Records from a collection
—————

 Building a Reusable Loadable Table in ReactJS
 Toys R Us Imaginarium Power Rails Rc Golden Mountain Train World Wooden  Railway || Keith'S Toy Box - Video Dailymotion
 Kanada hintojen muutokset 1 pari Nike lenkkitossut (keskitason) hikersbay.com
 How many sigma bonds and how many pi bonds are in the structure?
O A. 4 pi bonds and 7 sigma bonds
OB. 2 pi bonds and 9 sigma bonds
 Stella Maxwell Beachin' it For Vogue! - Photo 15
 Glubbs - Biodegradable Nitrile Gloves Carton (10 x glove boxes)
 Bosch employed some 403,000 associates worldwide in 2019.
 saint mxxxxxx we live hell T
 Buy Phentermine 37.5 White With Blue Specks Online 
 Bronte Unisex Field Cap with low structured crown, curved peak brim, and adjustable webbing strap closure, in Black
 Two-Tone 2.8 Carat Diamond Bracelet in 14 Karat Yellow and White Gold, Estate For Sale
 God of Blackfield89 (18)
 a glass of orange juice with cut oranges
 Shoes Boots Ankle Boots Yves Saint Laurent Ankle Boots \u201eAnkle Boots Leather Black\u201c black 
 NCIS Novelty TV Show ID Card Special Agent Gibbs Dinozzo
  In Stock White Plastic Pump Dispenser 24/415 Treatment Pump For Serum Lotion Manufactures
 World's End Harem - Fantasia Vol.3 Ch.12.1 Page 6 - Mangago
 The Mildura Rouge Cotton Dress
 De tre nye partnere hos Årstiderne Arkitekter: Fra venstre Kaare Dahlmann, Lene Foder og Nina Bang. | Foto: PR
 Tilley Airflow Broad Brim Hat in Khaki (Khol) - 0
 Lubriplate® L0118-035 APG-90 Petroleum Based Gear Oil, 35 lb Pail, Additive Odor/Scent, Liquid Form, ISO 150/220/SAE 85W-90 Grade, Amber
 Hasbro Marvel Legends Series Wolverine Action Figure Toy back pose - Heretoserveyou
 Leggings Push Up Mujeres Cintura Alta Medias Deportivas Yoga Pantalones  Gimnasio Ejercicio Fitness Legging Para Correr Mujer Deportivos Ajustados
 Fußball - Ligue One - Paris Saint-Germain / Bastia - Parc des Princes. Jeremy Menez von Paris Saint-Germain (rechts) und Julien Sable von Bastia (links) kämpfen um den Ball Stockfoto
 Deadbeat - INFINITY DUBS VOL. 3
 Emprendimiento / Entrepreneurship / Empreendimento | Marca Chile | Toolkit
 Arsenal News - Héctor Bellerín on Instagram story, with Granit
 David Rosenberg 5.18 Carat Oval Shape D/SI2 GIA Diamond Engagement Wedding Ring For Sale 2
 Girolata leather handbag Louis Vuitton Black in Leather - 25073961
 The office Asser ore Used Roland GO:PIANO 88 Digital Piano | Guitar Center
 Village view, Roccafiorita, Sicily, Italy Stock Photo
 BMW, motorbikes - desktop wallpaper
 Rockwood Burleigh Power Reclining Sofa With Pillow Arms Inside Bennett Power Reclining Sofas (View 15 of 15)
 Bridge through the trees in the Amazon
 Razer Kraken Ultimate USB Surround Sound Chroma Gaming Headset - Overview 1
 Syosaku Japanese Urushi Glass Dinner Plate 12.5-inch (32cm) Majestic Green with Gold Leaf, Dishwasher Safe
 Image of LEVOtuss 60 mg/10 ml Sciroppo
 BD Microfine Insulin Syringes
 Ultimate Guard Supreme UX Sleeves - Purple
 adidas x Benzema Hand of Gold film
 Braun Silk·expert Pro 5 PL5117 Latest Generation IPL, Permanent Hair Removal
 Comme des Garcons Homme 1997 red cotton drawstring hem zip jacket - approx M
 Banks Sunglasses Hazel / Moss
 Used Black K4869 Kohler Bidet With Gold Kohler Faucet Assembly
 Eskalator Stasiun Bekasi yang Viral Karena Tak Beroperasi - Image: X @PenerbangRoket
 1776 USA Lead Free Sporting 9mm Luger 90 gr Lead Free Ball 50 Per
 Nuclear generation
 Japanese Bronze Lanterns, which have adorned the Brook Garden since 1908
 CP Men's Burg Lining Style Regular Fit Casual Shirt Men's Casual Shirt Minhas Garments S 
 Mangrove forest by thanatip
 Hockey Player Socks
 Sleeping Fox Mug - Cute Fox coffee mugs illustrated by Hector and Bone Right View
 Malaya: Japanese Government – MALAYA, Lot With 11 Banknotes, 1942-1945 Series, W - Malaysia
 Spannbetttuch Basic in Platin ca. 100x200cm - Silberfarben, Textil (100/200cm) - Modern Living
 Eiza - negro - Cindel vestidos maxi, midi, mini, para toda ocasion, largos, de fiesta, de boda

—————

- _WORK INSTRUCTIONS_: Check each line of the records for "sigma" and copy the ones that contain it.

- _SOLUTION TO THE EXERCISE_:
 How many sigma bonds and how many pi bonds are in the structure?
O A. 4 pi bonds and 7 sigma bonds
OB. 2 pi bonds and 9 sigma bonds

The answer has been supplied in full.